AVAILABLE DATA below:
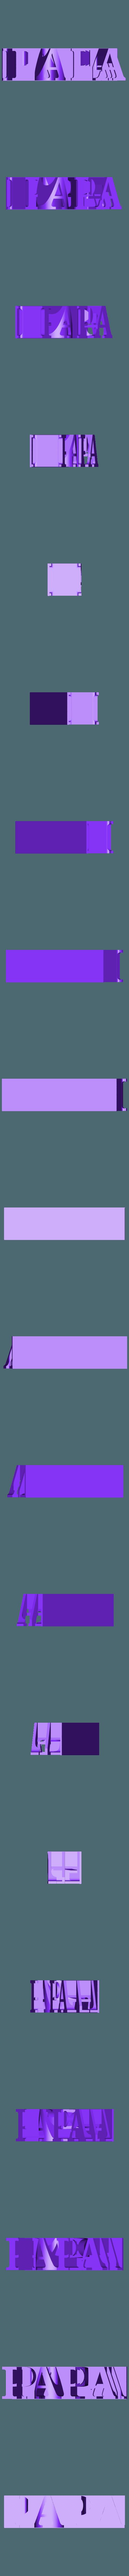 E21260c2 37d3 4a16 9f3e 71d4321df0c2
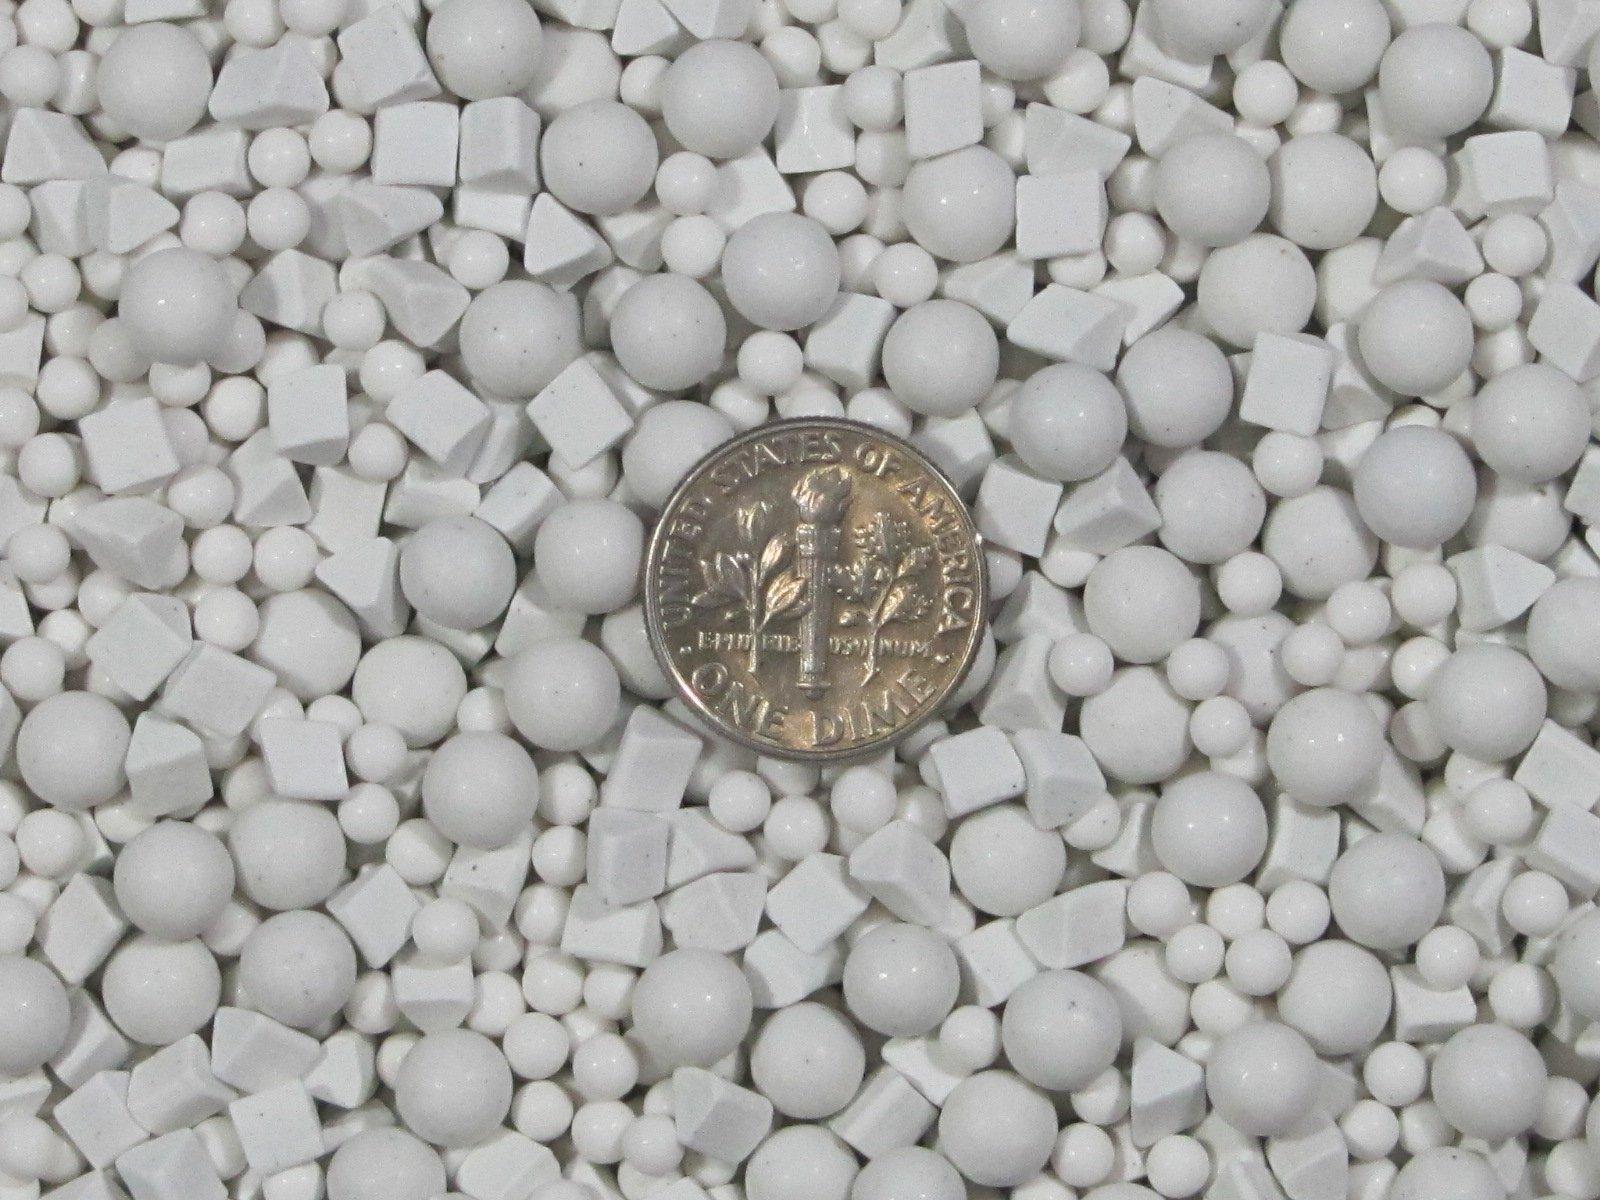 6 Lb. 3 mm & 6 mm Polishing Sphere & 4 mm X 4 mm Triangles Non-Abrasive Ceramic Tumbling Tumbler Tumble Media
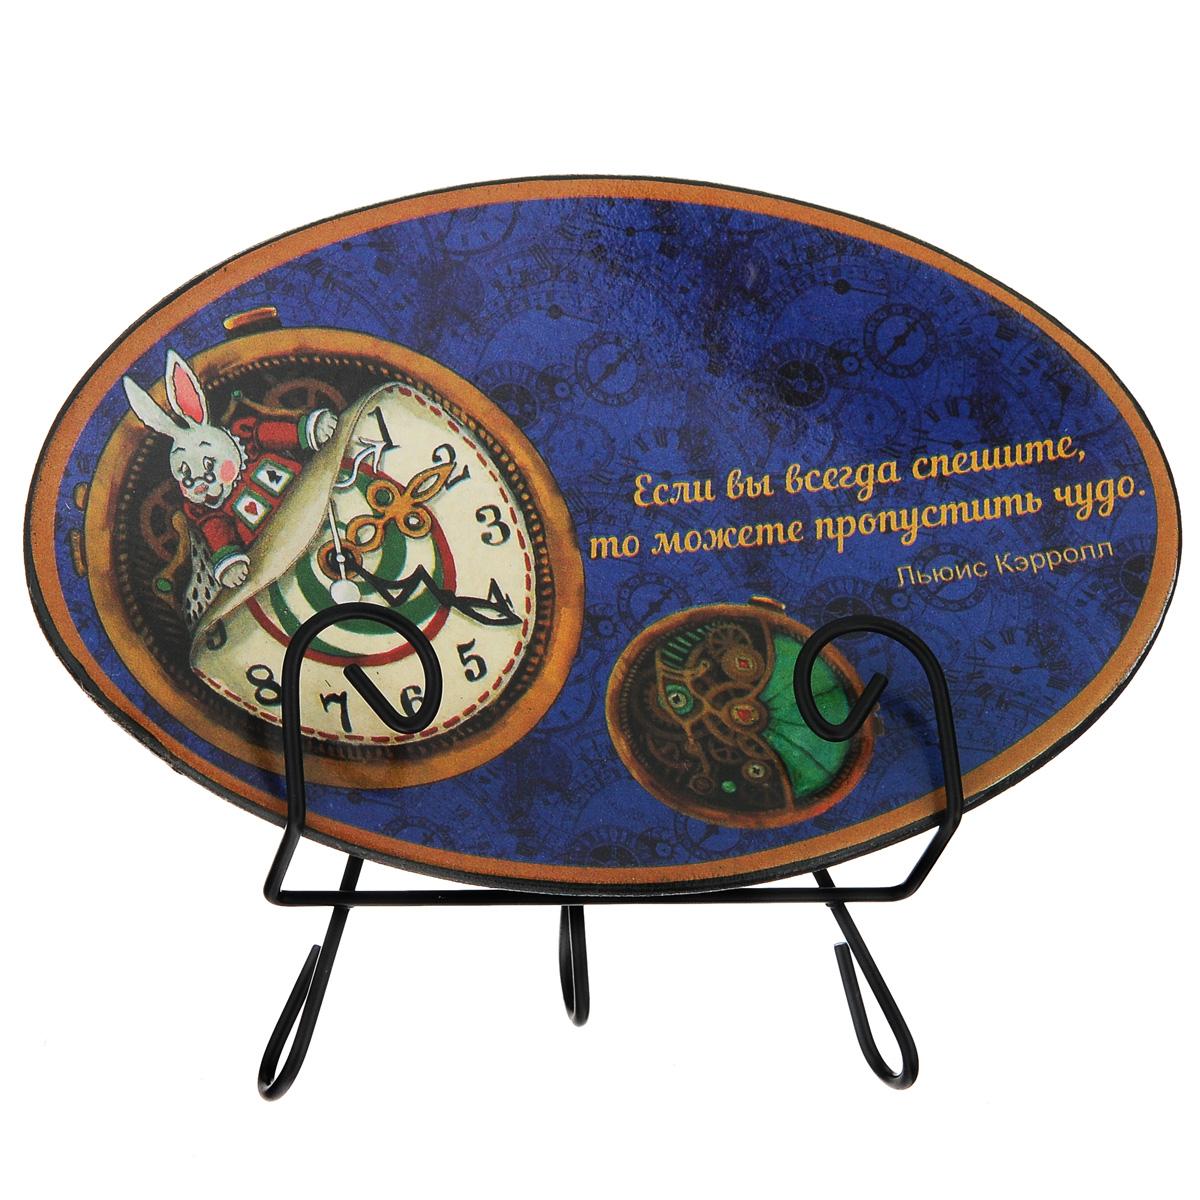 Тарелка декоративная Льюис Кэрролл, на подставке, 15 х 10 см36248Декоративная тарелка на подставке станет прекрасным дополнением к декору практически любого помещения, будь то кухня, столовая, гостиная, холл или рабочий кабинет. Тарелка выполнена из доломитовой керамики, подставка в виде треноги,благодаря которой сувенир удобно и быстро располагается на любой горизонтальной поверхности, - из черного металла. Поверхность декорирована изображениям часов и Белого Кролика, а также цитатой из знаменитого произведения Льюиса Кэрролла: Если вы всегда спешите, то можете пропустить чудо. Очаровательная декоративная тарелка - замечательный подарок друзьям и близким людям. Размер тарелки (без подставки): 15,2 см х 10 см х 1,5 см. Размер сувенира с подставкой: 15,2 см х 8 см х 12 см.
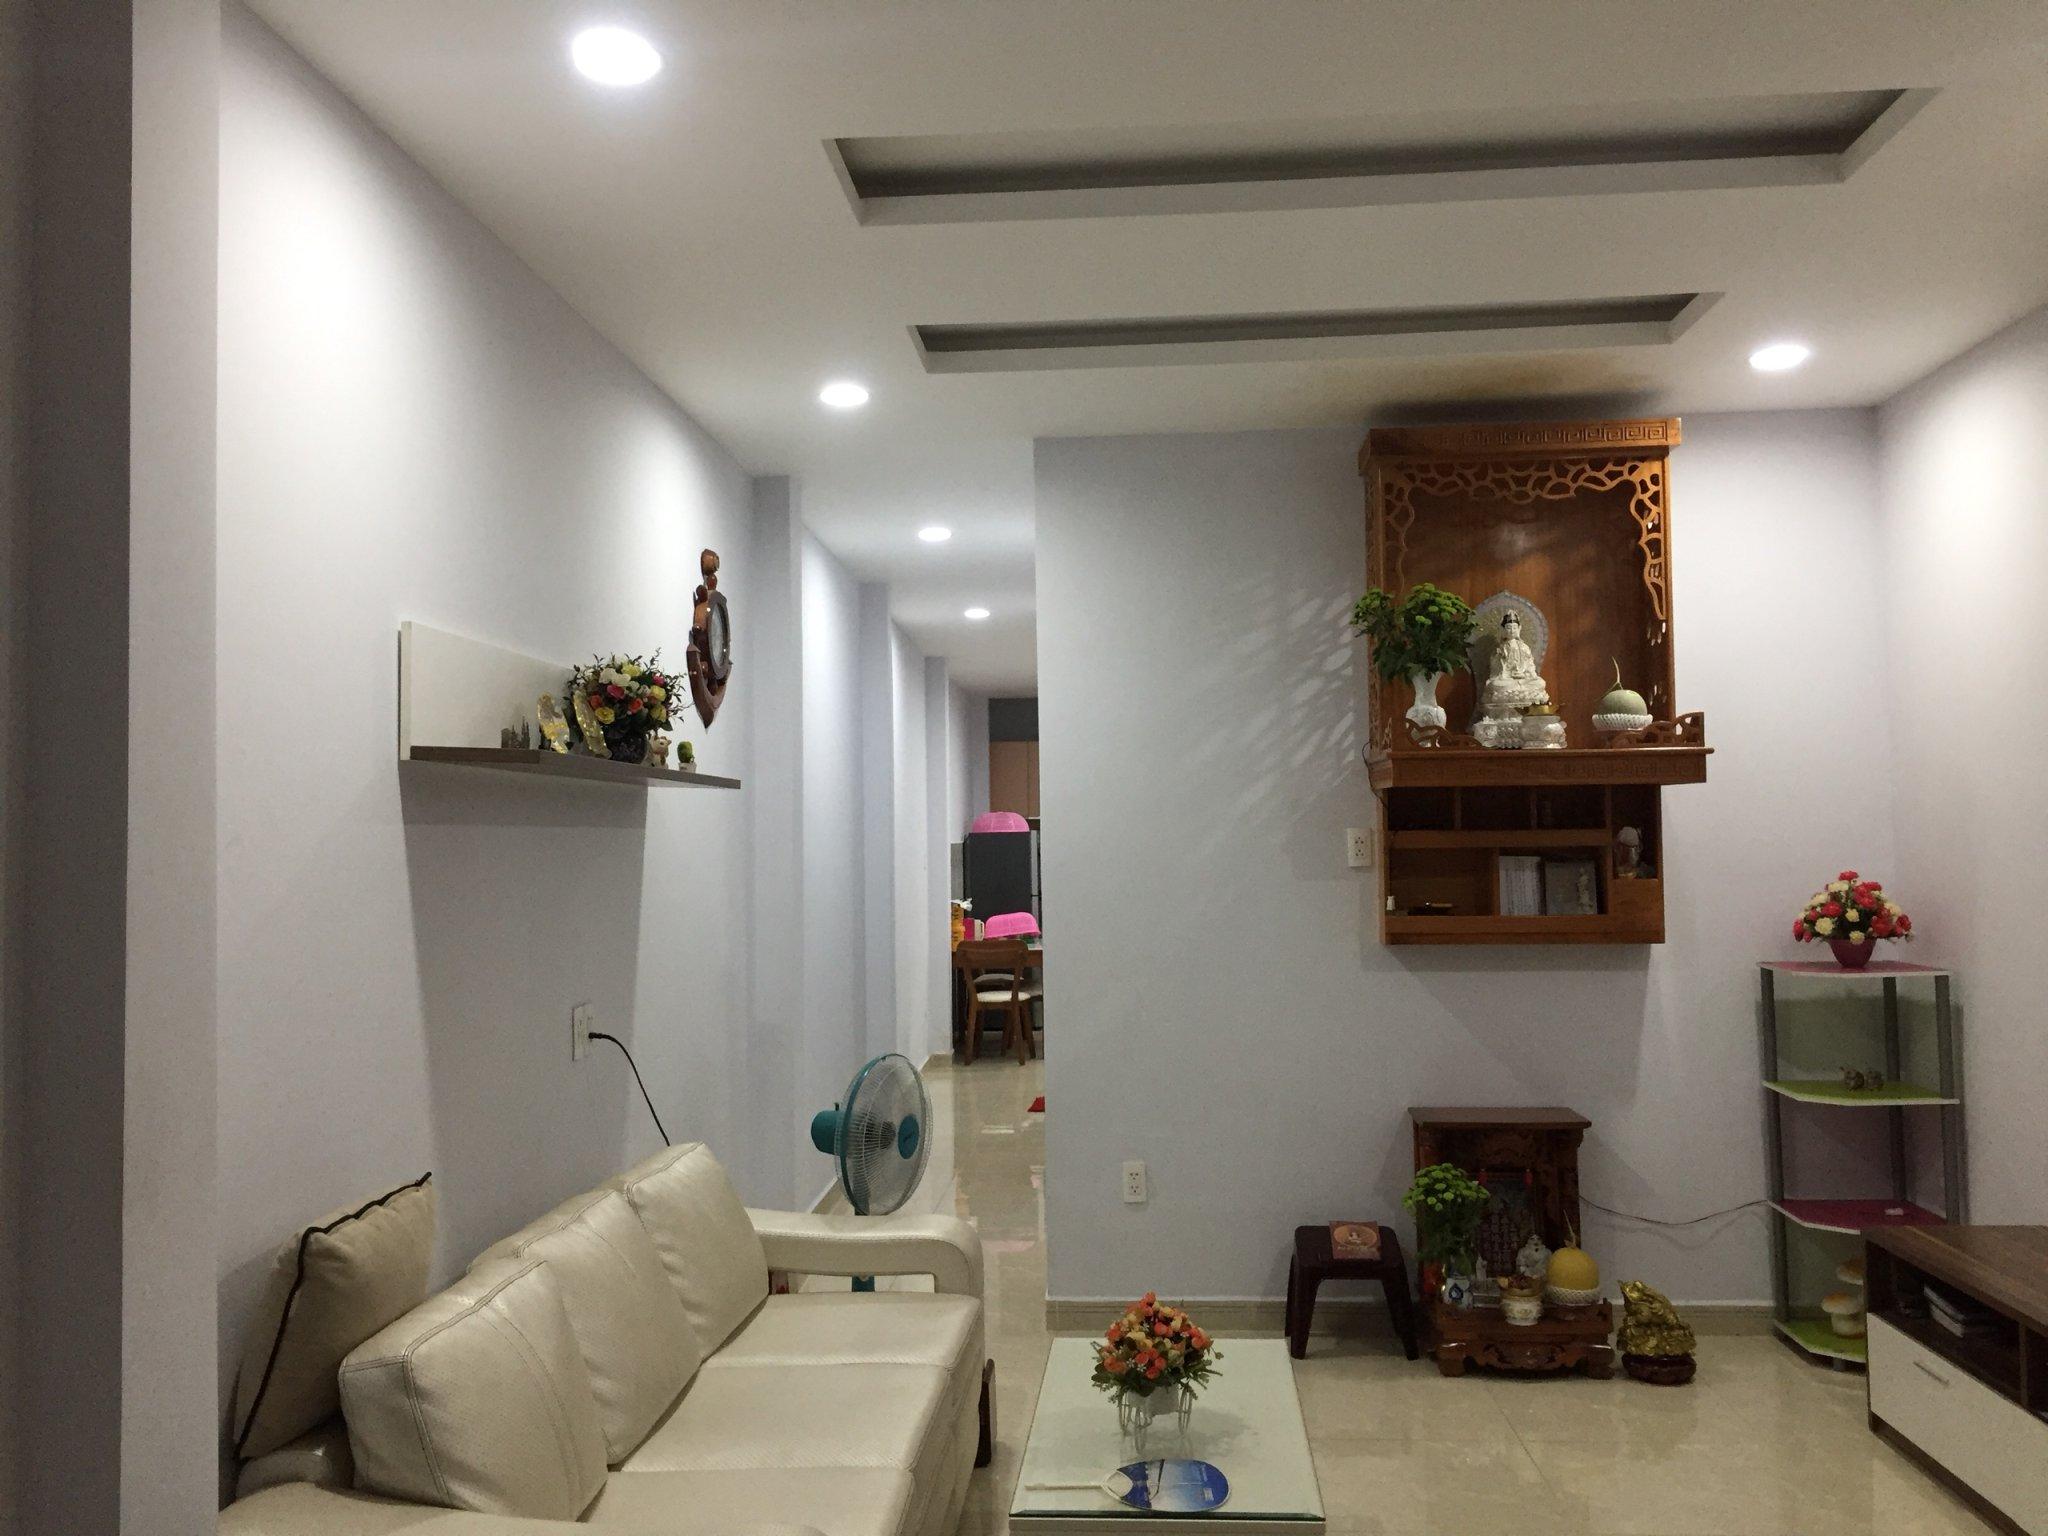 Bán nhà 381 Phan Văn Trị phường 11 Bình Thạnh 3.9x20m 2 lầu 7.9tỷ
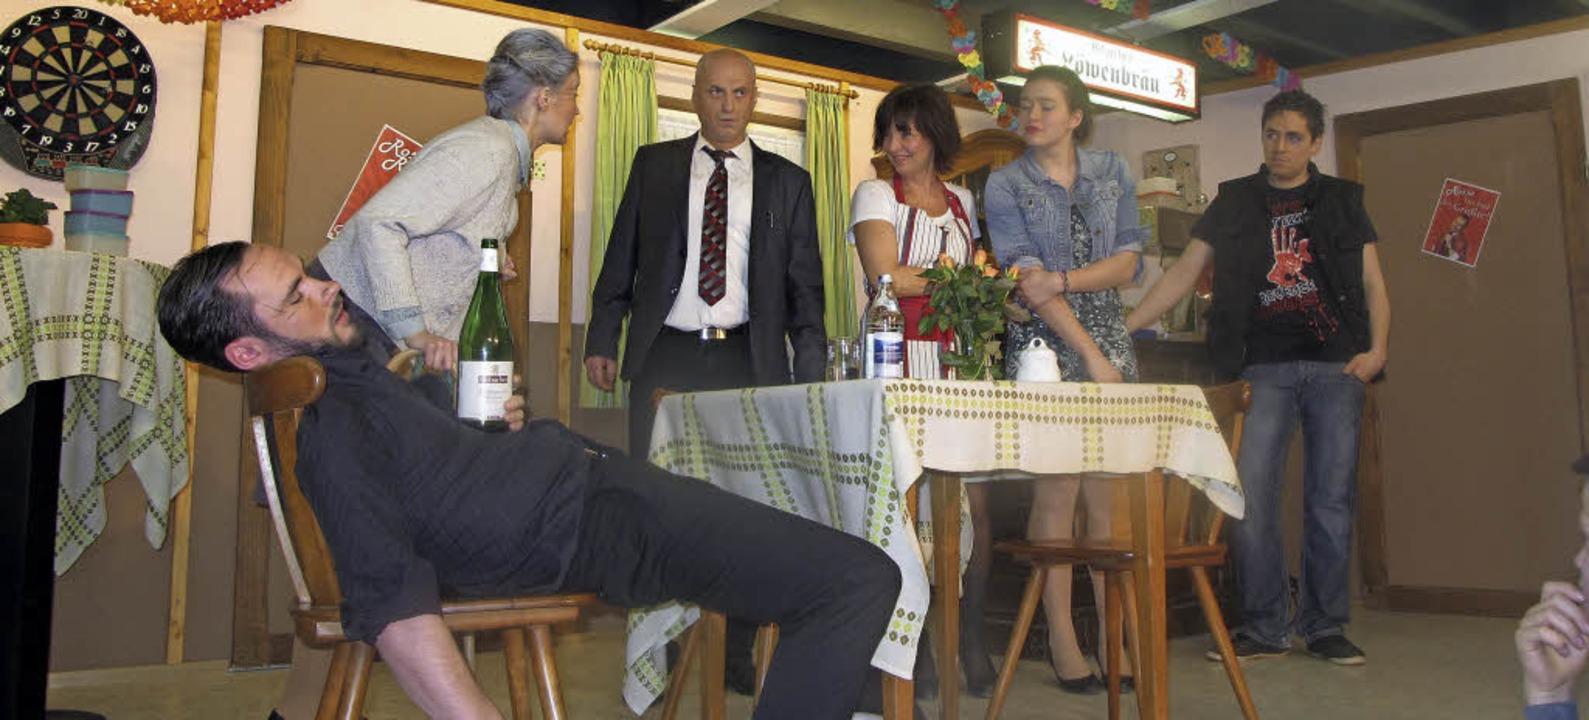 Die Schlagerkarriere von Rosso Rosini ...(Philipp Lupfer) neues Glück gefunden.    Foto: Helmut Häringer
End of AVAILABLE DATA.
TASK PROMPT: Exactly as given, transcribe every line of the data, but not its images.

RESULT OF THIS TASK:
 E21260c2 37d3 4a16 9f3e 71d4321df0c2
 6 Lb. 3 mm & 6 mm Polishing Sphere & 4 mm X 4 mm Triangles Non-Abrasive Ceramic Tumbling Tumbler Tumble Media
 Тарелка декоративная Льюис Кэрролл, на подставке, 15 х 10 см36248Декоративная тарелка на подставке станет прекрасным дополнением к декору практически любого помещения, будь то кухня, столовая, гостиная, холл или рабочий кабинет. Тарелка выполнена из доломитовой керамики, подставка в виде треноги,благодаря которой сувенир удобно и быстро располагается на любой горизонтальной поверхности, - из черного металла. Поверхность декорирована изображениям часов и Белого Кролика, а также цитатой из знаменитого произведения Льюиса Кэрролла: Если вы всегда спешите, то можете пропустить чудо. Очаровательная декоративная тарелка - замечательный подарок друзьям и близким людям. Размер тарелки (без подставки): 15,2 см х 10 см х 1,5 см. Размер сувенира с подставкой: 15,2 см х 8 см х 12 см.
 Bán nhà 381 Phan Văn Trị phường 11 Bình Thạnh 3.9x20m 2 lầu 7.9tỷ
 Die Schlagerkarriere von Rosso Rosini ...(Philipp Lupfer) neues Glück gefunden.    Foto: Helmut Häringer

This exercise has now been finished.